Pumphrett was obviously seeking my absolution. I gave in to the inevitable. “So, what’s your job going to be?”
“Well, Eric says that eventually I’ll be the one to crush ISIS. I have Middle East credentials now, thanks to you. Only a month’s worth, of course, but that seems to make me senior man after Flynn, and he’s nuts. I have to prove my mettle, so to begin I’ll work a strange graveyard shift. That’s what they’re calling it, for some reason. The hours are from one to three a.m. I’m to sit in an anteroom upstairs in the living quarters monitoring a machine. It has something to do with nuclear weapons. I asked, but Eric said it would be better if I didn’t know. Anyway, if I see a certain combination of symbols coming from inside the presidential chambre, I’m to respond: ‘message garbled, please repeat.’ Then I’m to call Ivanka.
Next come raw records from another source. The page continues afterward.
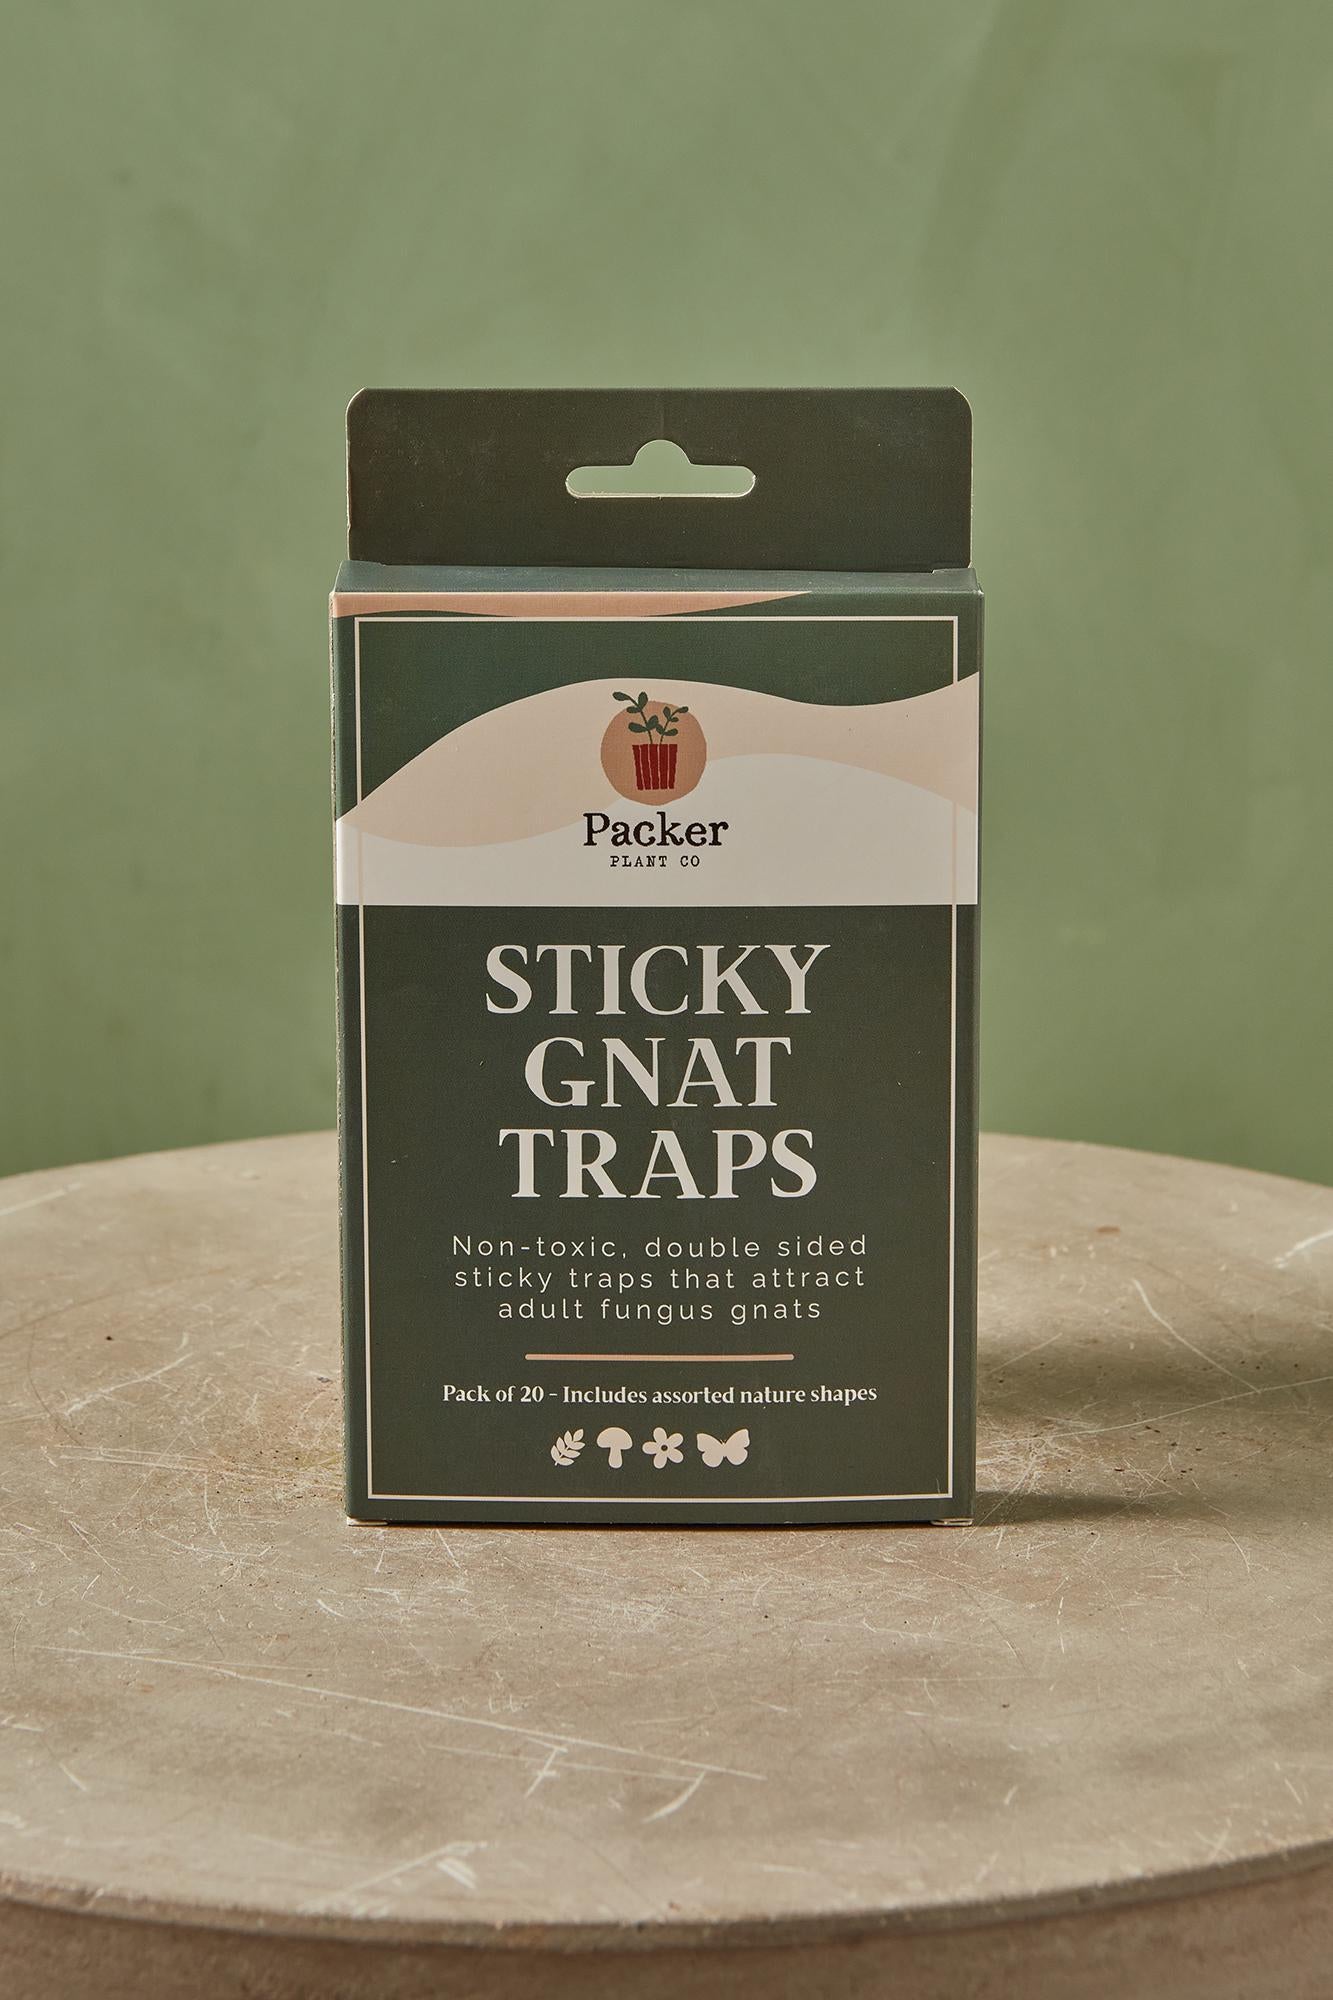 Sticky Gnat Traps
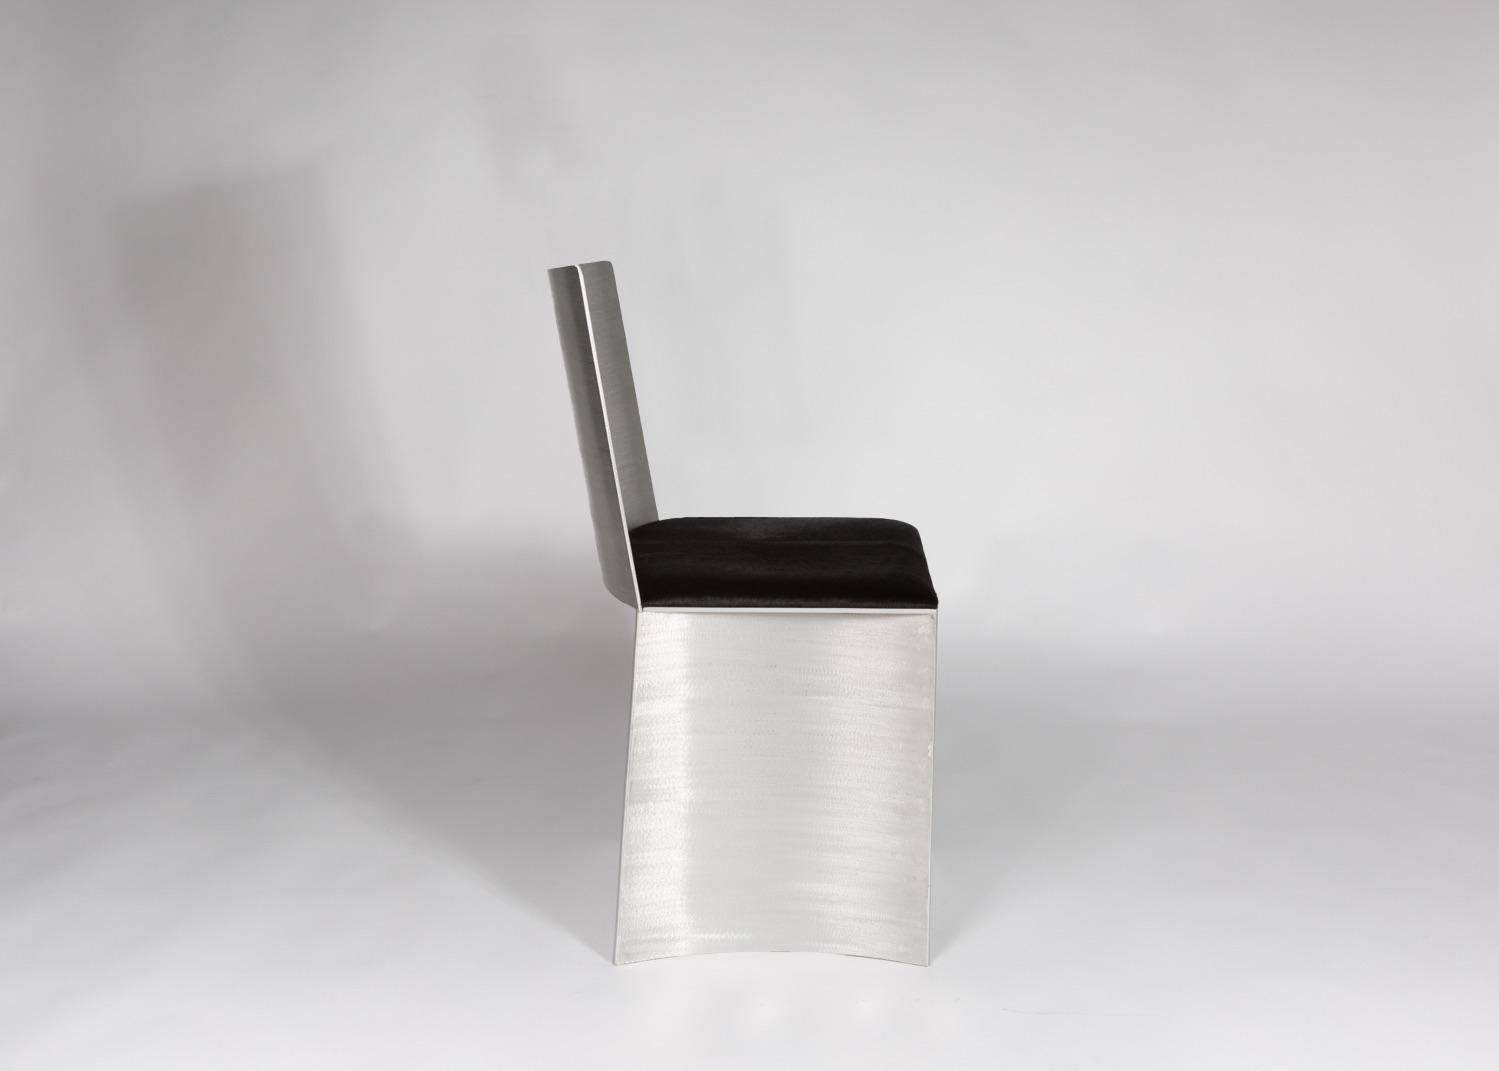 Der ISU Lowback Stuhl hat eine handgefertigte, satinierte, strukturierte Metalloberfläche, die bei Lichteinfall glänzt. Das 1,50-Zoll-Sitzkissen ist ein glänzendes schwarzes Haar auf Leder. 
COM wird nach Genehmigung akzeptiert.
Die perfekte
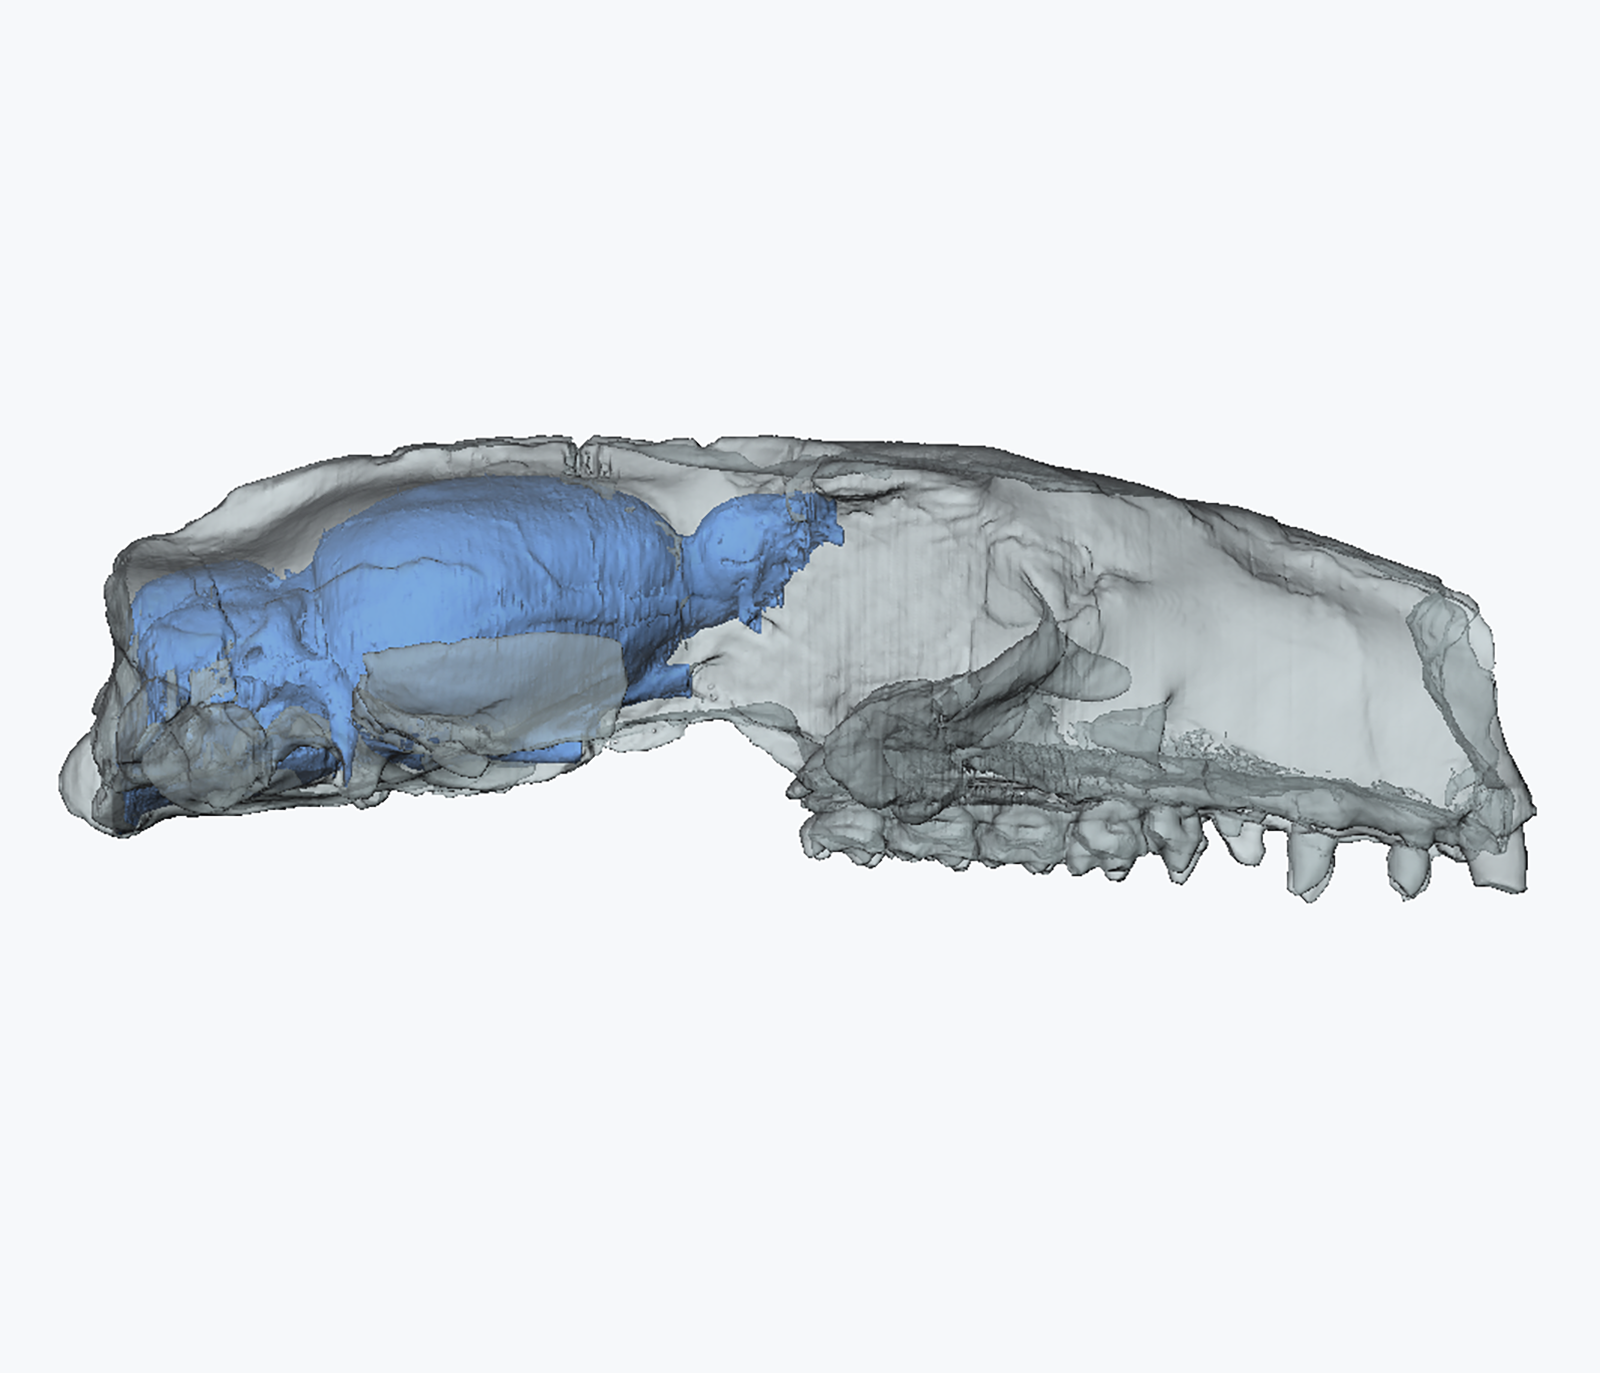 Cranium of a plesiadapiform primate

Without delay.”
“And if she doesn’t answer?”
“I’m to unplug the machine.”
“When do you start?”
“Right after the inauguration. First, of course, I have to be interviewed by Frank Gaffney, who’s checking everyone for Muslim extremist tendencies. Frank has a keen nose for that sort of thing. He finds extremists in places you wouldn’t expect. Almost everywhere, in fact. But if I pass Frank’s sniff test, Bob’s your uncle.”
That put a different light on it. “Pumphrett, I think you should take the job,” I told him. “They need experienced, flexible, willing people. You were always flexible, as I recall. Willing, too, more than was good for you.”
“But how about those comments I’m alleged to have made?”
“Some will be pardoned and some punish’d, Pumphrett, and I have a feeling you’re now safely in the former category.”
“Oh, thank you, Cushy. I knew you’d see this in the proper way. But there is a problem. What if they ask me to do something contrary to my principles?”
I patted his arm. “Frankly, Pumphrett old socks, I think that will be the least of your problems.”